Wilson caused a classic civil servants' flurry in June when he scribbled "I should like Marcia to see all these in future" on the cover of a folder of confidential Cabinet papers. Derek Mitchell, Wilson's principal private secretary, wrote a minute on 28 June pointing out that the particular folder included two intelligence reports, "one Secret and one Top Secret".

Having consulted Sir Burke Trend, the Cabinet Secretary, and George Wigg, a minister who advised Wilson on security, he suggested: "Marcia should see Secret and Confidential papers dealing with domestic subjects." But he noted in brackets: "Sir Burke Trend is slightly uneasy as regards Cabinet Conclusions [minutes of Cabinet decisions] on the ground that these are not available to quite a number of ministers, but he would not press the point."

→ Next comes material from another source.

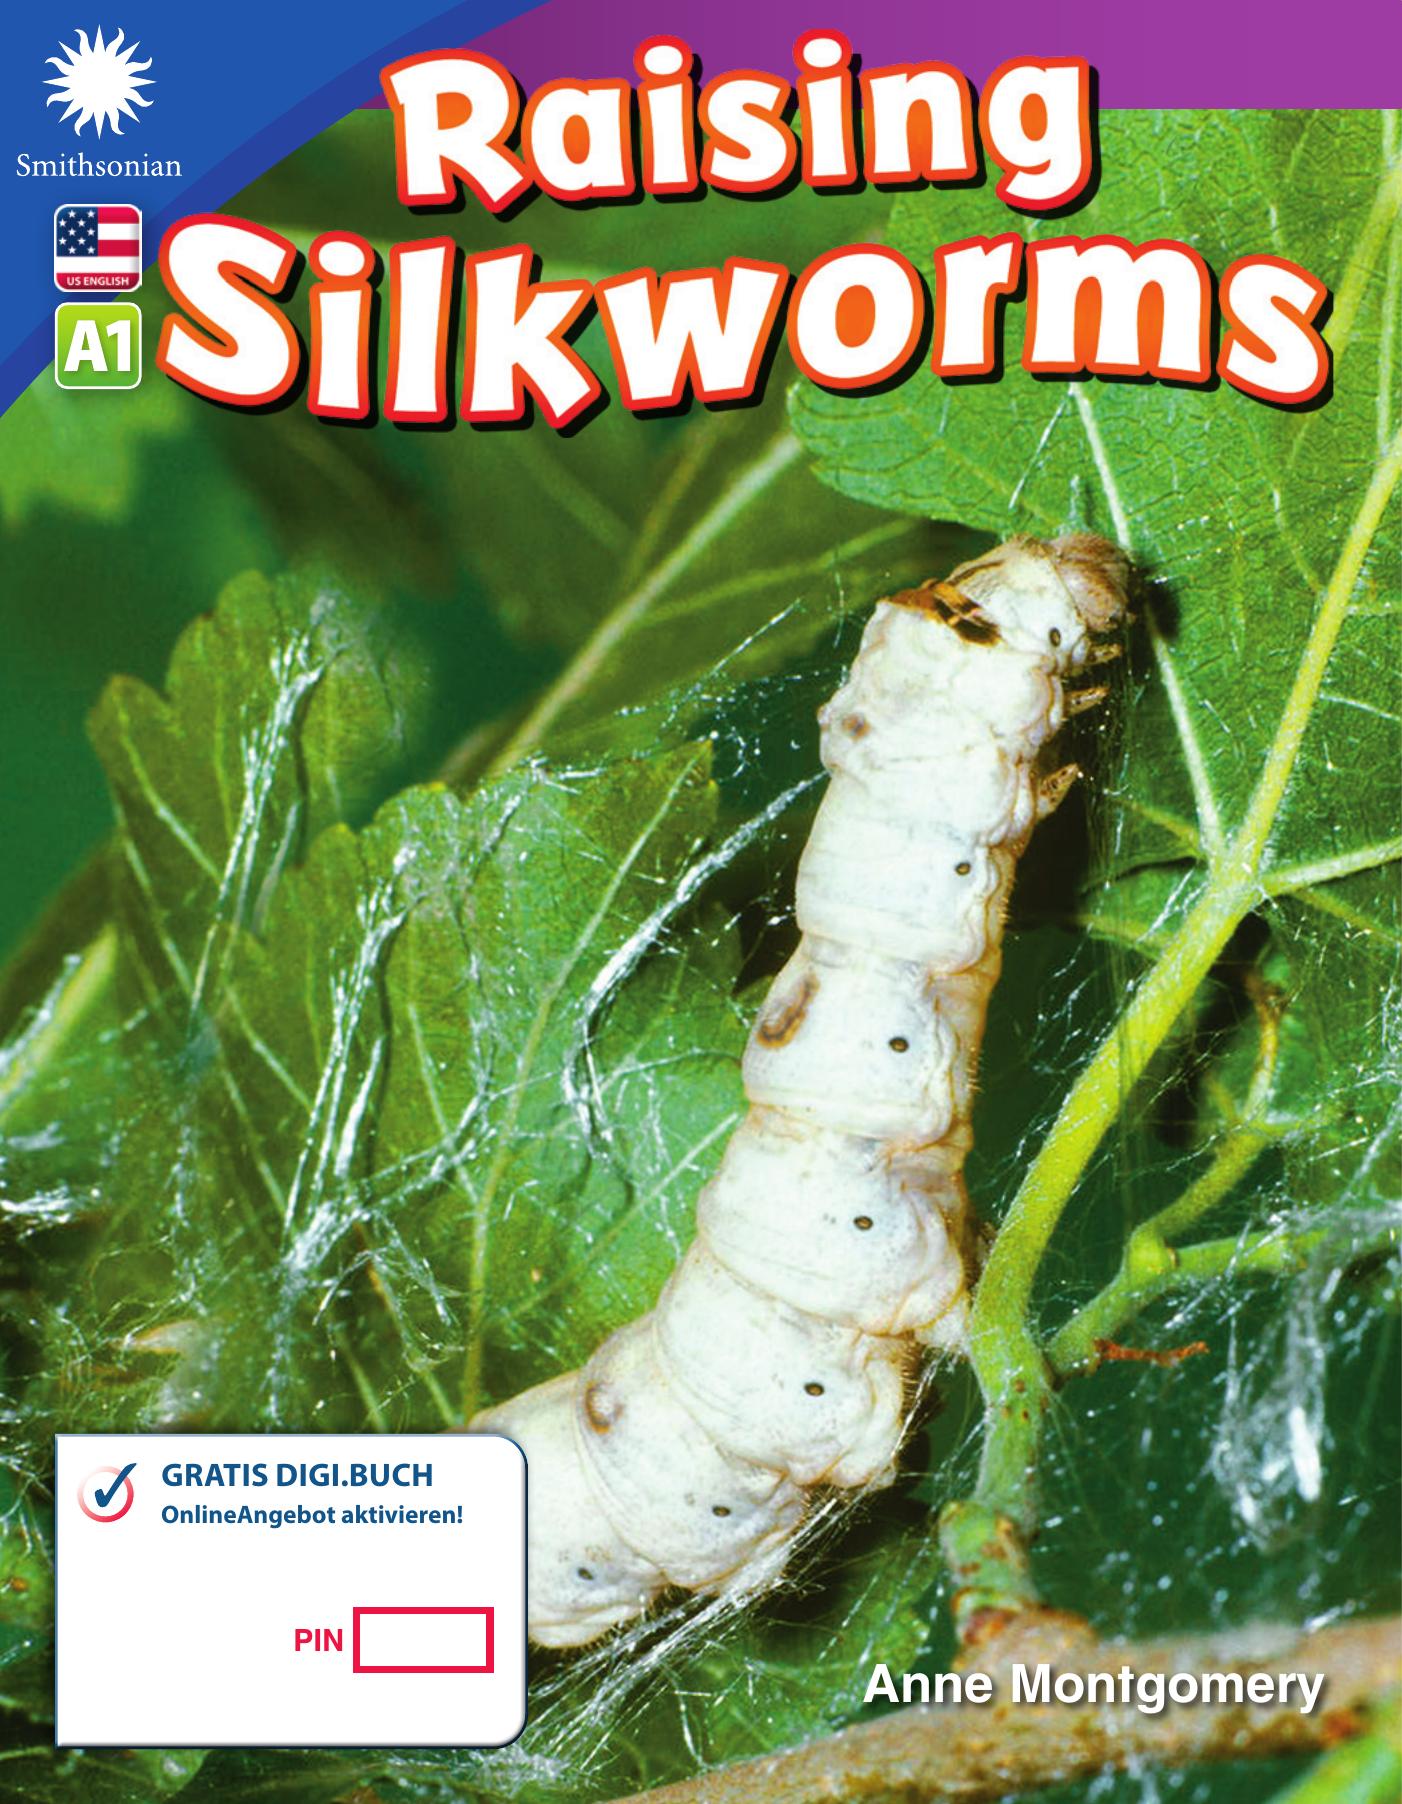 A1 – Raising Silkworms

Mitchell went on: "There is then the problem of physical security, arising from the fact that Marcia works in a room which is often left unattended and where she often receives visitors." He suggested "an in-tray in the strongroom near the duty clerk", adding condescendingly: "She will of course appreciate that these classified papers should not be left lying about when she is not in the room; nor of course should she make copies of them, take extracts from them, or refer to them in correspondence."

Mitchell added a handwritten postscript: "Marcia is content, so off we go."

The issue returned to haunt Wilson and Marcia, by then Lady Falkender, in 1977, in the recriminations which followed Wilson's resignation and the "Lavender List" of resignation honours submitted on her writing paper. Defending herself from charges of overweening influence, Lady Falkender wrote in the Observer: "I was not concerned with government policy, but with relations with the party . . . I did not see any classified or secret documents."

She was backed by Wilson himself in a television interview: "She did not see any secret documents, or other classified documents." The documents released today show this to be untrue.

They also tell the quaintly ridiculous story of Lady Falkender's attempts to soundproof the partition between her office and Wilson's in the Commons. This involved the Security Service in a review of the arrangements for keeping the Prime Minister's suite of rooms locked at all times. Lady Falkender was patronised again, this time by Peter Le Cheminant, the Serjeant at Arms, who asked her to "remind your girls" of the need for security. "We mustn't risk a Russian microphone!"